Listed on the National Register of Historic Places, Camp Paxson is the only CCC-built group camp in Montana, which is why it has such historical significance, Torma said.
"The Forest Service is really proud of that facility, because they recognize it's a real jewel that they're entrusted with," he said.
Love lauds the restoration work Torma and MCT have performed on the log cabins.
"I think they're in excellent shape," Torma said. "They're obviously 70-year-old buildings, but they're in much better shape than they were in 15 years ago. They're a great example of log-building technology, too."
Countless groups have camped out over the years at Camp Paxson, which is named for Western artist Edgar Paxson. He died in 1919, one year after scoutmaster K.D. Swan started the rustic Boy Scout camp.
Scouts, both boys and girls, once used Camp Paxson. Service groups, wedding parties, athletes in training and many, many more have experienced a Seeley Lake summer there.
One of its earliest uses was for conscientious objectors in World War II who were enlisted by the Forest Service as smokejumpers. They trained at an air base south of Seeley Lake and stayed at Camp Paxson. For many years, the jumpers returned for annual reunions.
Today, MCT occupies the cabins for two or three weeks for its performing arts camps.

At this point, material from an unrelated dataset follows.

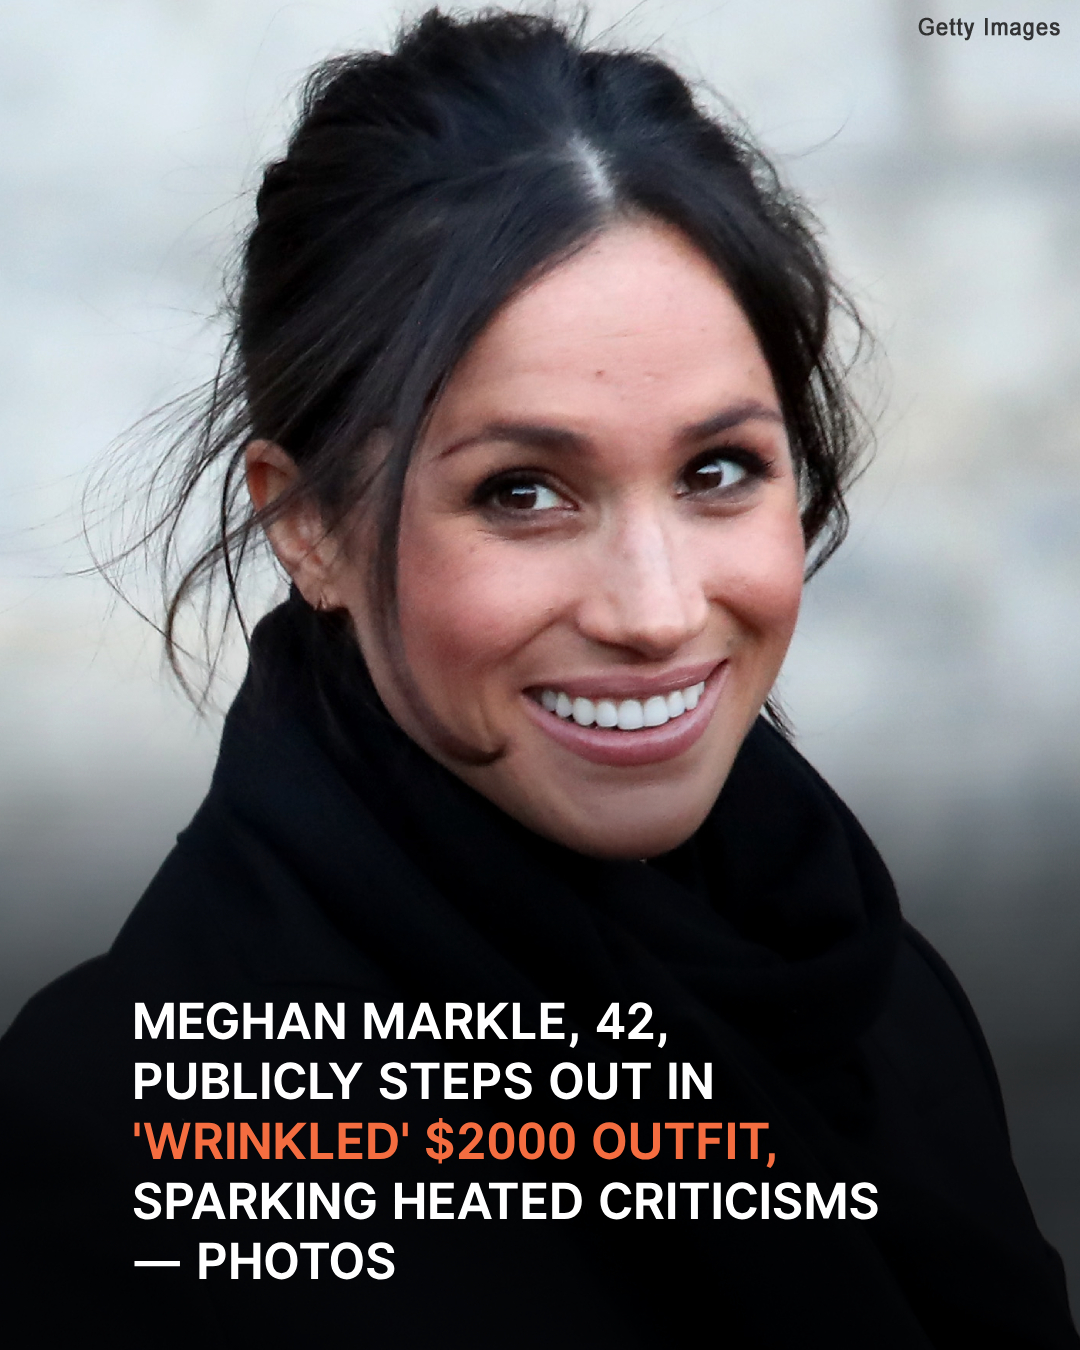 Meghan Markle, 42, Makes a Public Appearance in 'Wrinkled' $2000 Suit ...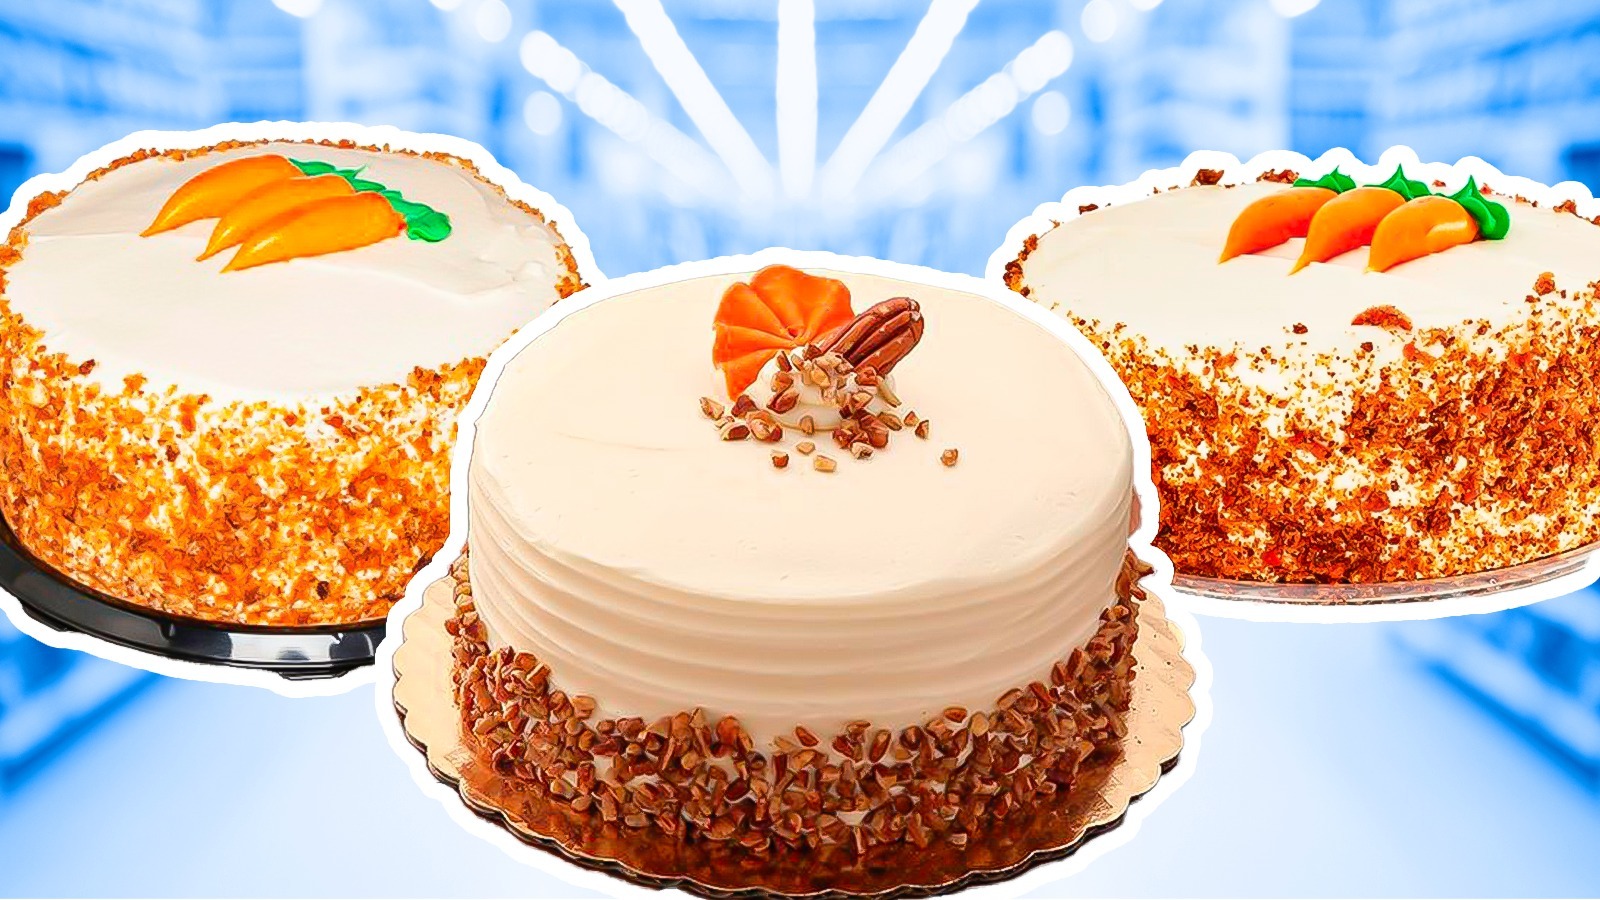 10 Store-Bought Carrot Cakes, From Worst To First

Other groups lease it throughout the summer for reunions, weddings, workshops and church camps.
The initial campers each May are young men and women with the Montana Conservation Corps, which for the past eight years has used Camp Paxson for spring training. The Corps is an incarnation of the CCC and is based on many of the same principles.
"That was way cool when they started doing that," said Torma. "We've just developed a wonderful symbiotic relationship with them."
MCC pays no rent.
"Part of their training is getting their crews to work together as crews, so we give them projects to do," said Torma.
It's a win-win arrangement, said Bobby Grillo, who is regional supervisor of the Montana Conservation Corps' Western Wildlands office in Missoula.
This year's Camp Paxson experience included a commemoration of the CCC's 75th anniversary. Now Grillo's got crews "all over the place" - in the Bob Marshall and Frank Church wildernesses, and four national forests in Idaho and Montana.
MCC is geared for those 18 to 25 years of age who work in crews of six or seven people for little pay. They perform a variety of conservation and community projects, meanwhile honing their work, outdoor and leadership skills.
If that sounds much like the Civilian Conservation Corps of old, it's no mistake.
"That's our legacy, for sure," said Grillo.